Transition Streets... making it really local...

This is the website for Transition Streets - started in Totnes: http://www.transitiontogether.org.uk/

But I liked hearing how one Transition Street group got on... I've copied and pasted from the website below:

 

Jo explains how her group went from strength to strength

The TTT leaflet fell through my door one morning in mid March 2010.  It was inspiring and encouraging to read the vision statements of a more sustainable living and exciting to read of the reference to solar panels, also mentioned on the leaflets.

My enthusiasm seemed to be shared by a neighbour whom I met whilst we were both out walking our dogs on the same morning of getting the TTT leaflet.  Chatting about the leaflet precipitated a jointly fuelled rise in enthusiasm ending with me offering to call the TTT office for further information.  Within days Mary Popham (yes, that is PopHAMS, not PoppINS) appeared like magic on my doorstep bursting with more information about the project.  Like bees round a honeypot of hope and positivity our group quickly grew to a total of ten strong and, due to many of our group members also being of the dog walking community in Follaton, we called ourselves ‘Walk the Talk’.

As part of a Transition Streets group, TTT gave us each a Folder with information and advice on issues of energy; water; food; waste and transport.  Although the folder is well packed with pages of information it is done in the most user-friendly  way possible with big writing, lots of colour and LOADS of helpful local information and phone numbers.  We were asked to work through a chapter of this folder at each meeting.

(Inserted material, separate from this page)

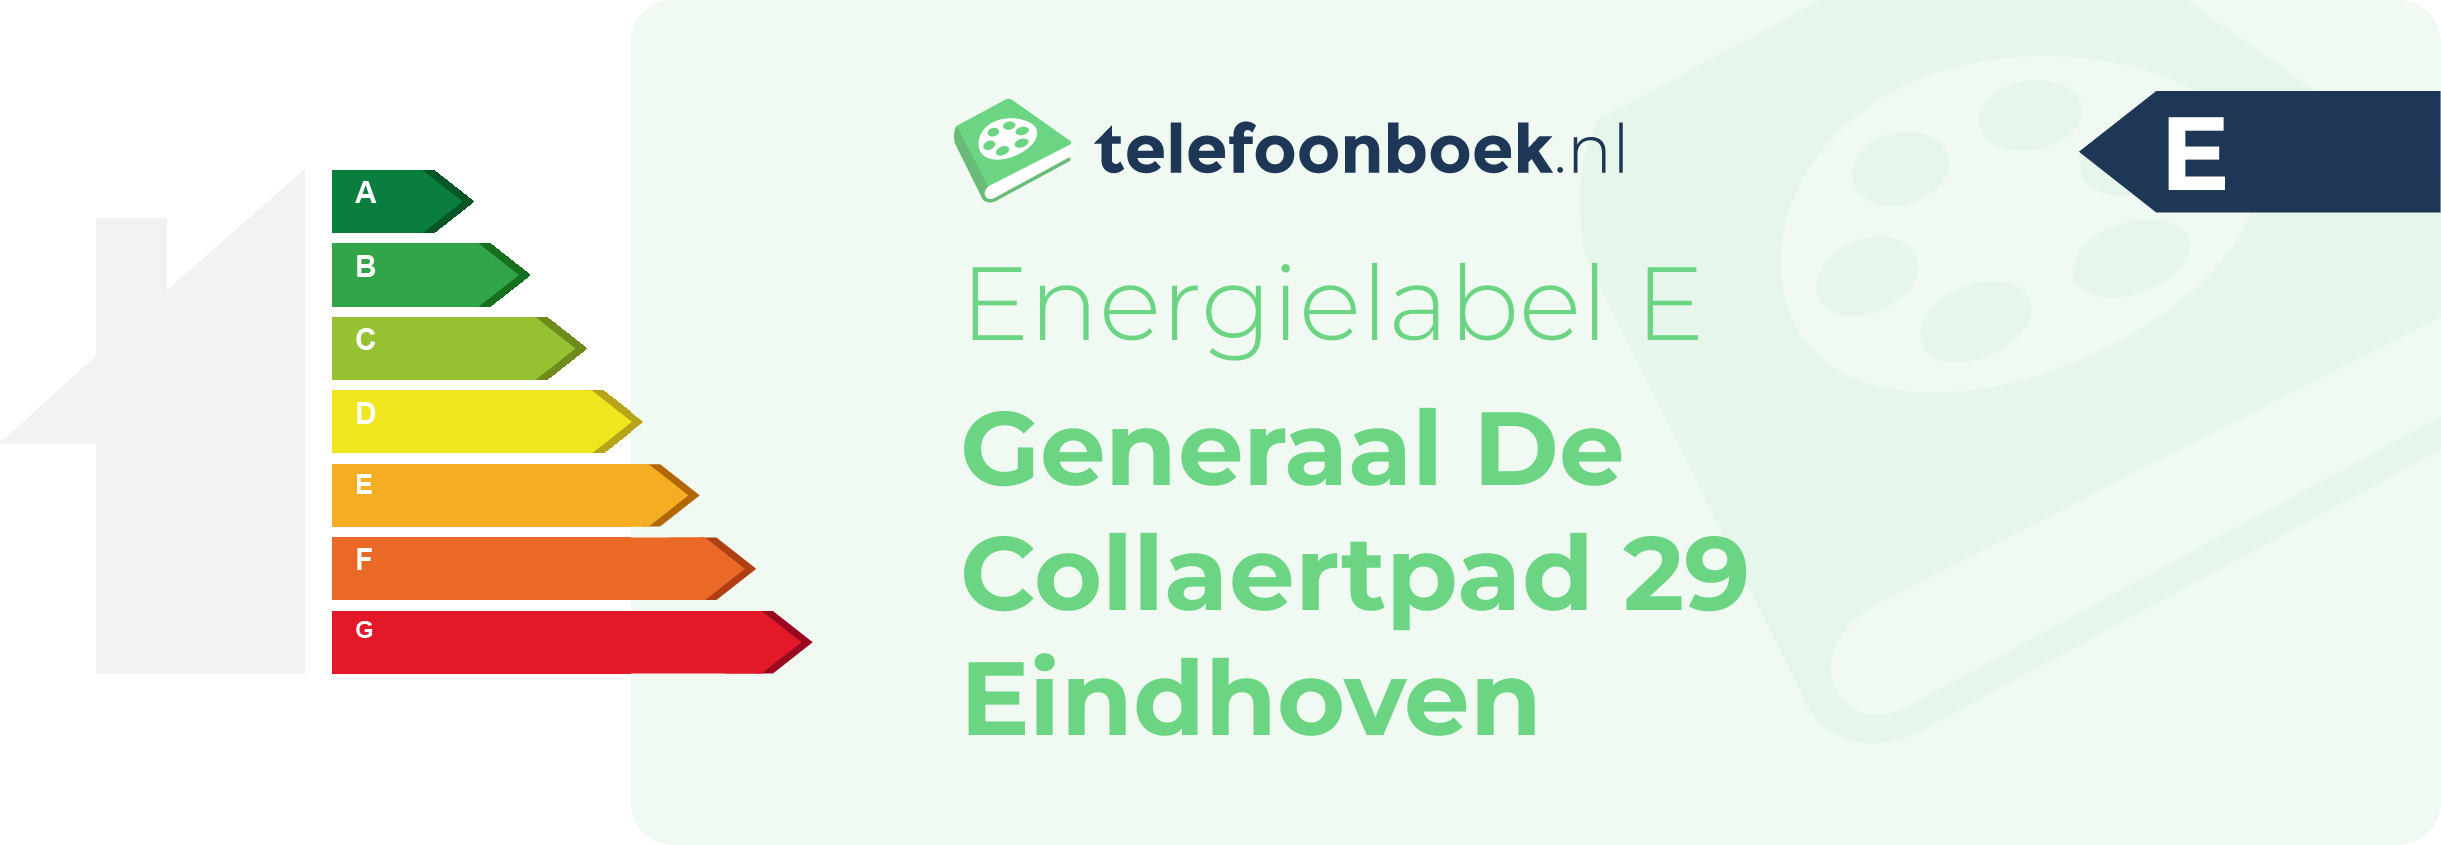 Energielabel Generaal De Collaertpad 29 Eindhoven

The first meeting dissolved into childish giggles as we found ourselves blindly ignorant to many basic heating operations in our homes.  The water and space heating systems are largely all the same on the Follaton estate, but it was amazing, and hilarious to us, how so few actually knew how to turn the temperatures up and down on both water tanks and storage heaters.  Straight away we had found benefit and support in putting heads together and sharing.
We continued to meet every fortnight at different homes as we worked our way through the folder, sharing information, research biscuits and laughter.  On top of our normal meetings, we also arranged shared trips to some local events and spent one afternoon doing a garden tour, originally arranged as an advice giving exercise but seemed to serve as an enjoyable tour around each of our own personal outdoor spaces,  satisfying our natural human curiosity.

We have now come to the end of our folder; there are no more chapters to share.  Actually, we ended up having two final meetings as many couldn’t make the first final meeting!  There was a sense of sadness , perhaps even a tinge of anxiety (was that just me?) and ‘what shall we do next’? The TTT Transition Streets programme and folder had brought us together and given us a purpose and project to complete.  What happens when the purpose or project comes to an end in any situation?  It seems that perhaps, if there is no structure or end goal for us mortals to be reaching for (albeit just working our way through a folder) there is less momentum and ‘raison d’etre’.   Yet, as I see it, the TTT and Transition Street project has a huge vision which ultimately paves the way toward an equally enormous task:  To return to working together for the good of all instead of the singular selfish nuclear existence that we have all become used to.  In modern society we don’t have a built in need to pull together for the good of community because we are so busy entwined in our own little worlds of self; we have no networks of need, so it is therefore easy to drift apart, away from community.
 
I think I can speak for the majority of us, if not all in our group........ In fact this is not limited to our group this is I found to be a general feeling among members from other groups that I have chatted to:  That the outstanding benefit that we have all enjoyed about the Transition Streets project has been to feel community again; to know our neighbours; to feel part of a greater whole; to feel connected.  And this is, I feel, part of the much grander vision of our future that TTT is working towards and we have to relearn in our beings, to rejoice our connection to community and honour that part of us that yearns for the sense of tribal connection.

So, we have made some plans for future meetings and are also planning to link up with other groups.  Hopefully we can keep the momentum going and continue growing this sense of belonging and sharing that is so important to our futures.  I would like to quote Amanda (from our group) who, exclaiming her feeling about what she had learnt and started to strive towards, said  "I feel like we're coming to an end and I'm still at the beginning - We've still got the rest of our lives"

My goodness, where did I put my banner? Sorry if I got a bit carried away!